Monte Carlo in statistical physics refers to the application of the Monte Carlo method to problems in statistical physics, or statistical mechanics.

## Overview

The general motivation to use the Monte Carlo method in statistical physics is to evaluate a multivariable integral. The typical problem begins with a system for which the Hamiltonian is known, it is at a given temperature and it follows the Boltzmann statistics. To obtain the mean value of some macroscopic variable, say A, the general approach is to compute, over all the phase space, PS for simplicity, the mean value of A using the Boltzmann distribution:

${\displaystyle \langle A\rangle =\int _{PS}A_{\vec {r}}{\frac {e^{-\beta E_{\vec {r}}}}{Z}}d{\vec {r}}}$.

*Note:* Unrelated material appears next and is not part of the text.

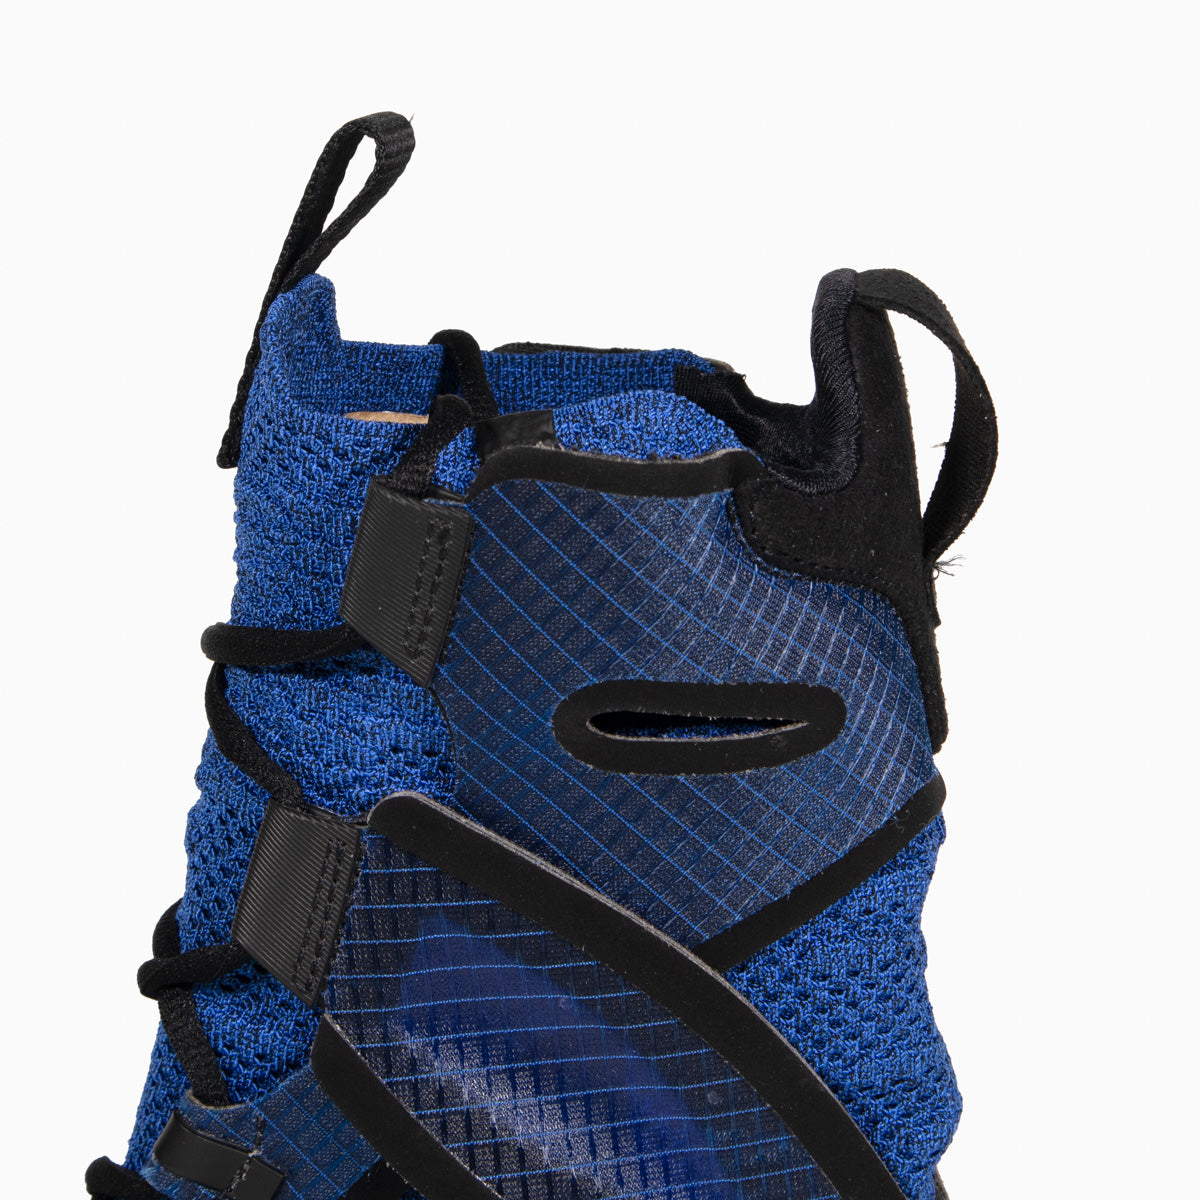 Boxschuhe Nike Hyperko 2.0 Blau

where ${\displaystyle E({\vec {r}})=E_{\vec {r}}}$ is the energy of the system for a given state defined by ${\displaystyle {\vec {r}}}$ - a vector with all the degrees of freedom (for instance, for a mechanical system, ${\displaystyle {\vec {r}}=\left({\vec {q}},{\vec {p}}\right)}$), ${\displaystyle \beta \equiv 1/k_{b}T}$ and

${\displaystyle Z=\int _{PS}e^{-\beta E_{\vec {r}}}d{\vec {r}}}$

is the partition function.

One possible approach to solve this multivariable integral is to exactly enumerate all possible configurations of the system, and calculate averages at will. This is done in exactly solvable systems, and in simulations of simple systems with few particles. In realistic systems, on the other hand, an exact enumeration can be difficult or impossible to implement.

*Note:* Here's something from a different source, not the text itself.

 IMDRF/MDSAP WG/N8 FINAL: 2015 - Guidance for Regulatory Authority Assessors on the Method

For those systems, the Monte Carlo integration (and not to be confused with Monte Carlo method, which is used to simulate molecular chains) is generally employed. The main motivation for its use is the fact that, with the Monte Carlo integration, the error goes as ${\displaystyle 1/{\sqrt {N}}}$, independently of the dimension of the integral. Another important concept related to the Monte Carlo integration is the importance sampling, a technique that improves the computational time of the simulation.

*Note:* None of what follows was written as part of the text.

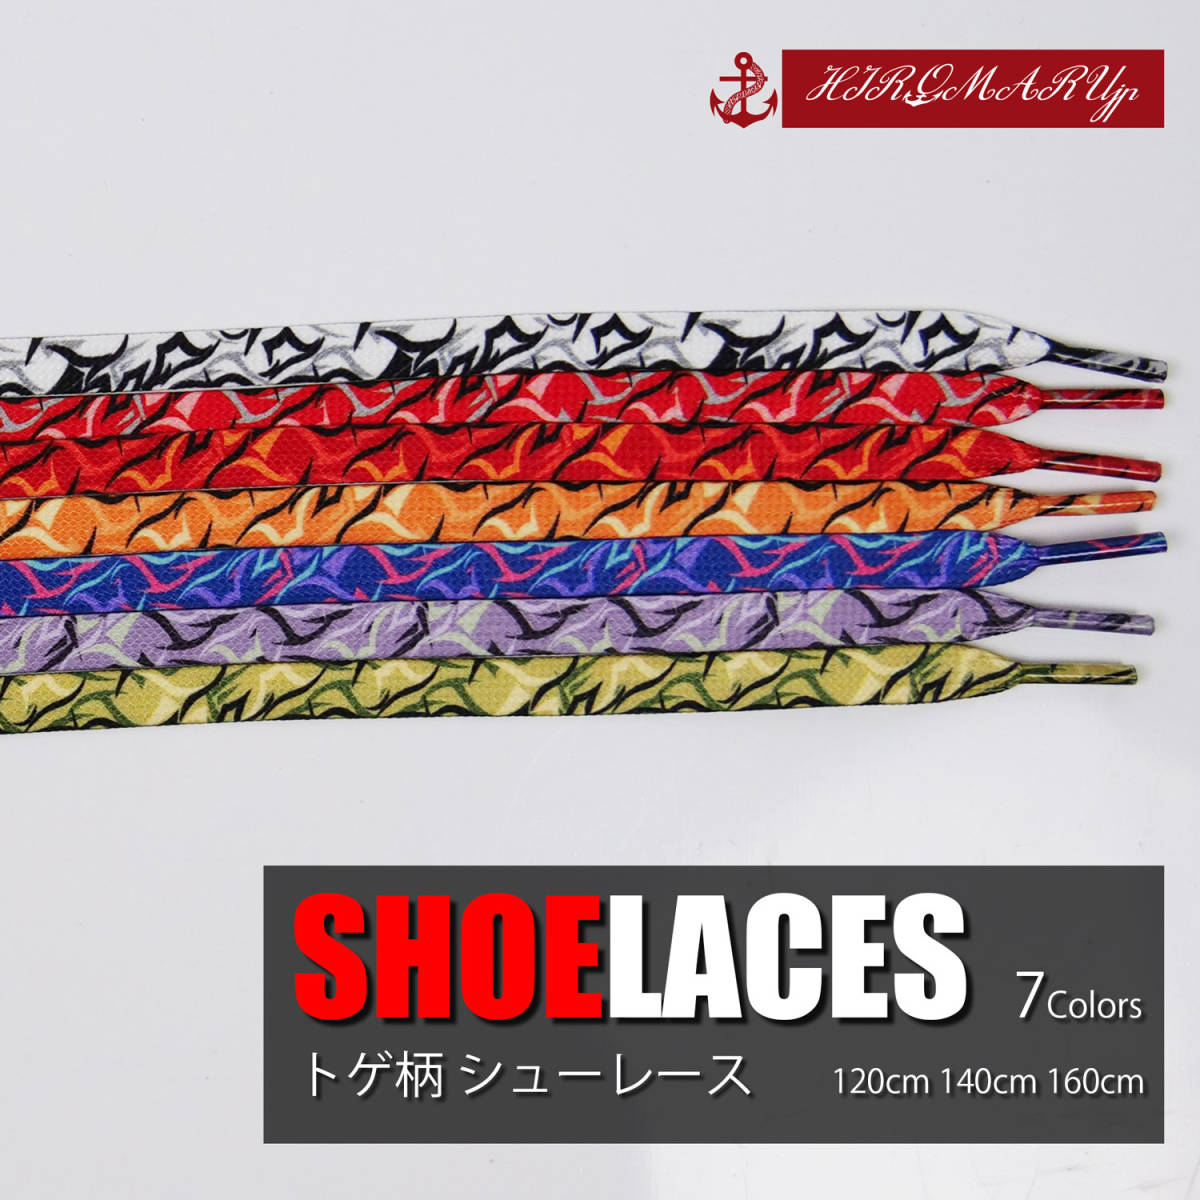  shoe race toge pattern SHOELACE shoe lace shoes string flat cord shoes cord sneakers shoes 120cm 140cm 160cm low cut is ikatto shoes

In the following sections, the general implementation of the Monte Carlo integration for solving this kind of problems is discussed.

## Importance sampling

An estimation, under Monte Carlo integration, of an integral defined as

${\displaystyle \langle A\rangle =\int _{PS}A_{\vec {r}}e^{-\beta E_{\vec {r}}}d{\vec {r}}/Z}$

is

${\displaystyle \langle A\rangle \simeq {\frac {1}{N}}\sum _{i=1}^{N}A_{{\vec {r}}_{i}}e^{-\beta E_{{\vec {r}}_{i}}}/Z}$

where ${\displaystyle {\vec {r}}_{i}}$ are uniformly obtained from all the phase space (PS) and N is the number of sampling points (or function evaluations).

From all the phase space, some zones of it are generally more important to the mean of the variable ${\displaystyle A}$ than others. In particular, those that have the value of ${\displaystyle e^{-\beta E_{{\vec {r}}_{i}}}}$ sufficiently high when compared to the rest of the energy spectra are the most relevant for the integral. Using this fact, the natural question to ask is: is it possible to choose, with more frequency, the states that are known to be more relevant to the integral? The answer is yes, using the importance sampling technique.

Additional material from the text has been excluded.